HEADCUT MIGRATION ANALYSIS OF A COMPACTED SOIL (ADD ACCEPT. DATE)

Authors: Hanson, Gregory; Robinson, Kerry; Cook, Kevin

Submitted to: American Society of Agricultural Engineers Meetings Papers
Publication Type: Peer Reviewed Journal
Publication Acceptance Date: 7/17/1996
Publication Date: N/A
Citation: N/A

Interpretive Summary: Niagara Falls is one of the more famous headcuts, but in reality headcuts come in many sizes and occur in many places across the landscape. The rate at which headcuts migrate upstream and what parameters affect this migration are important in engineering design of earth spillways, embankments, and levees. When a headcut forms and migrates due to flow through a spillway or flow over an embankment, the concern is whether the headcut will move through the structure and release the body of water behind it, endangering life downstream. Flume tests were conducted on headcut migration and analyzed in this paper based on three simple physically based headcut migration models. This study showed that the measured soil properties such as density, water content, strength, and erodibility were significantly correlated to the material-dependent parameters from these three equations. Depth averaging algorithms were also ofound to be an adequate approach for determining the material-dependent parameter for headcuts with multiple materials. This study is of value to researchers and practitioners dealing with design of spillways, embankments, levees, and landscape management.

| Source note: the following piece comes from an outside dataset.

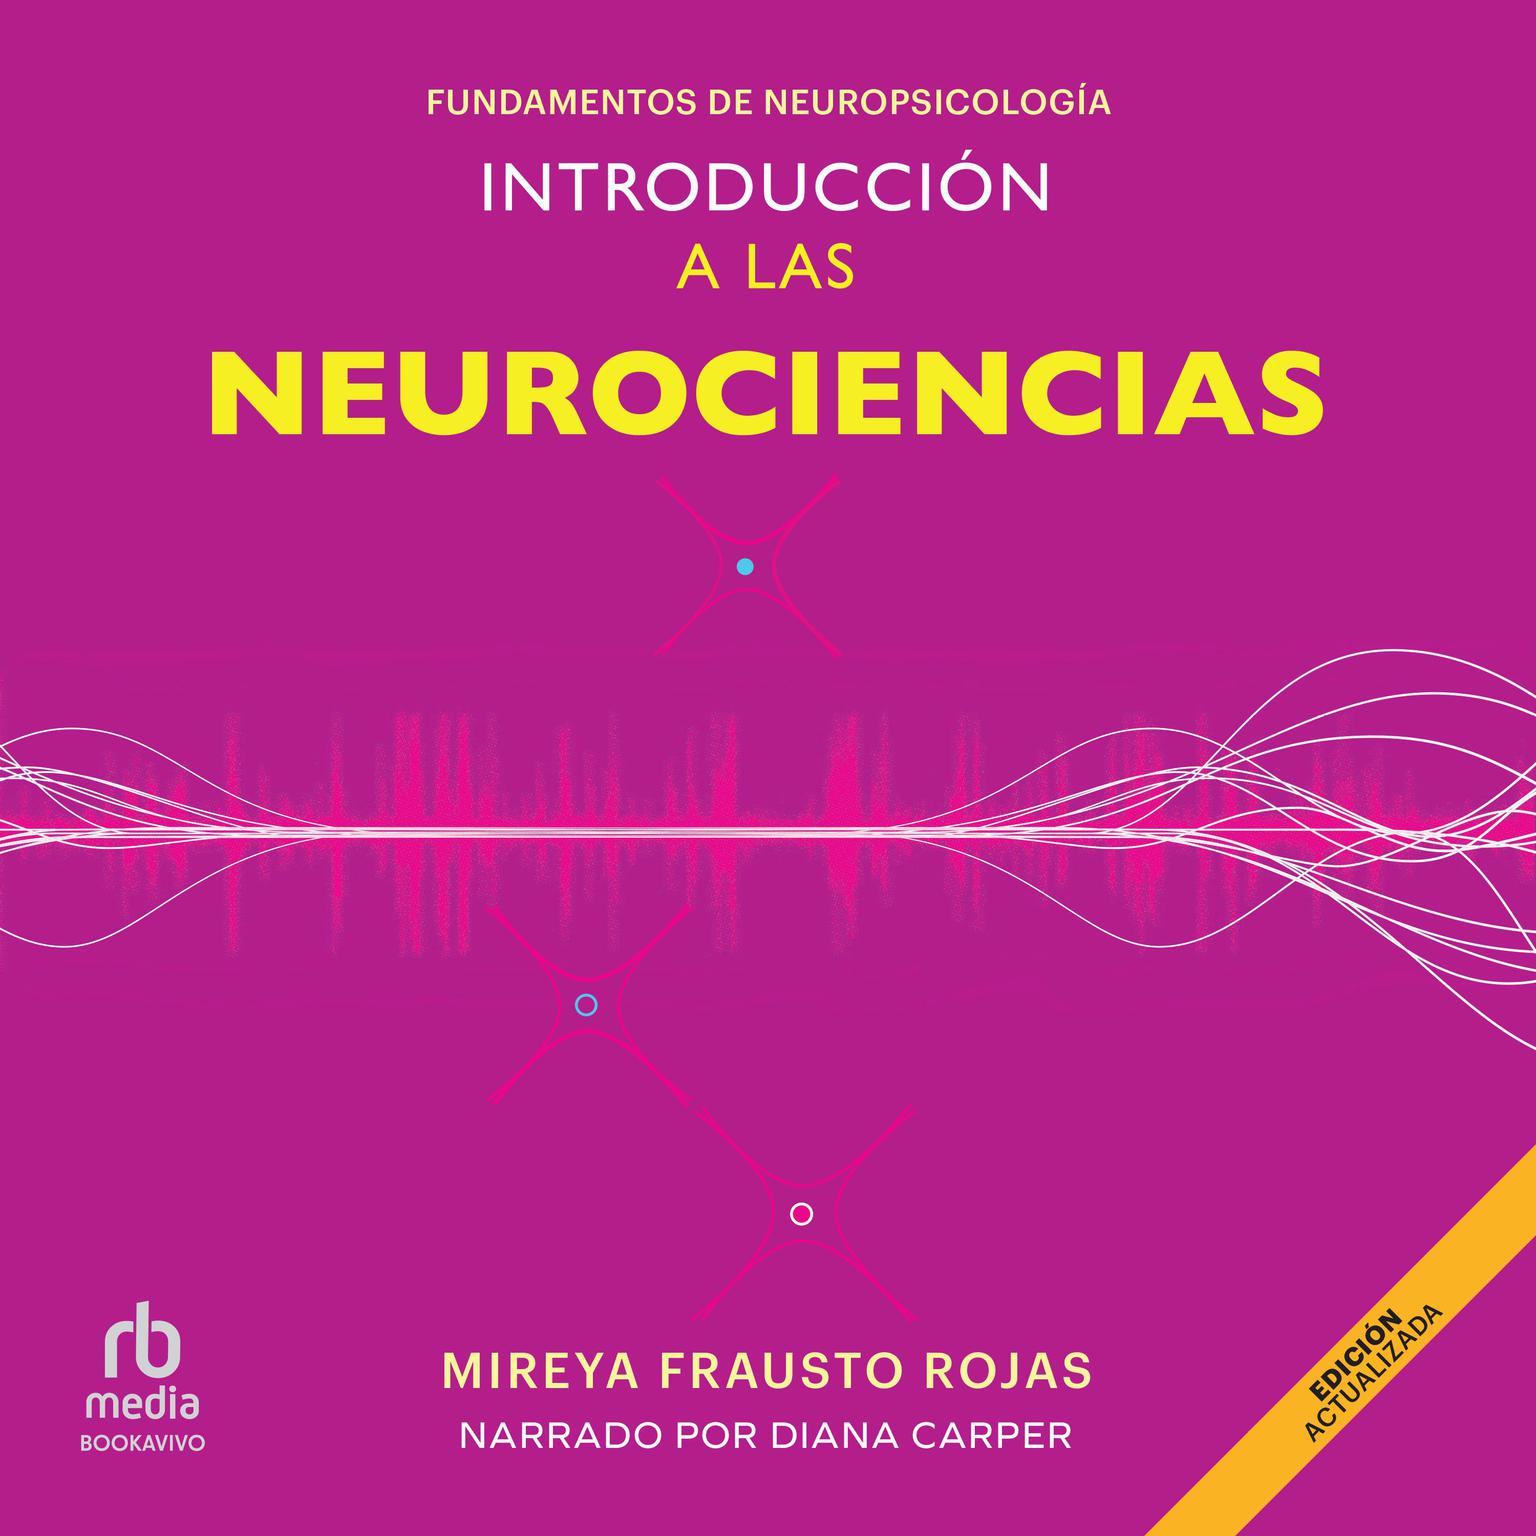 Introducción a las neurociencias: Fundamentos de neuropsicología (Fundamentals of Neuropsychology) Audiobook, by Mireya Frausto

Technical Abstract: Predicting headcut migration is a complex problem. The headcut migration process may involve mass failure and/or detachment of the soil at the headcut face, removal of the material from the base of the headcut, and downward erosion of the channel bed at the base of the headcut. When the leading edge of a headcut breaches a reservoir, levee, or embankment, the outlet area and head increase, as does the discharge. This results in increased flooding downstream. Therefore, prediction of headcut migration is an important aspect in analysis of these sites. Headcut migration tests on a compacted soil were conducted in a 1.8-m wide and 29-m long flume with 2.4-m high sidewalls. The simple relationships for headcut migration have almost universally focused on energy at the overfall as the driving mechanisms. Three simple physically based headcut migration equations that separately lump material-dependent parameters and flow-dependent parameters swere used in this study to analyze the results of the headcut migration tests. Soil properties such as density, water content, strength, and jet index were measured and observed to have a significant correlation to the material-dependent parameters of the physically based headcut migration equations. Algorithms for determining the material-dependent parameters for multiple materials were also analyzed.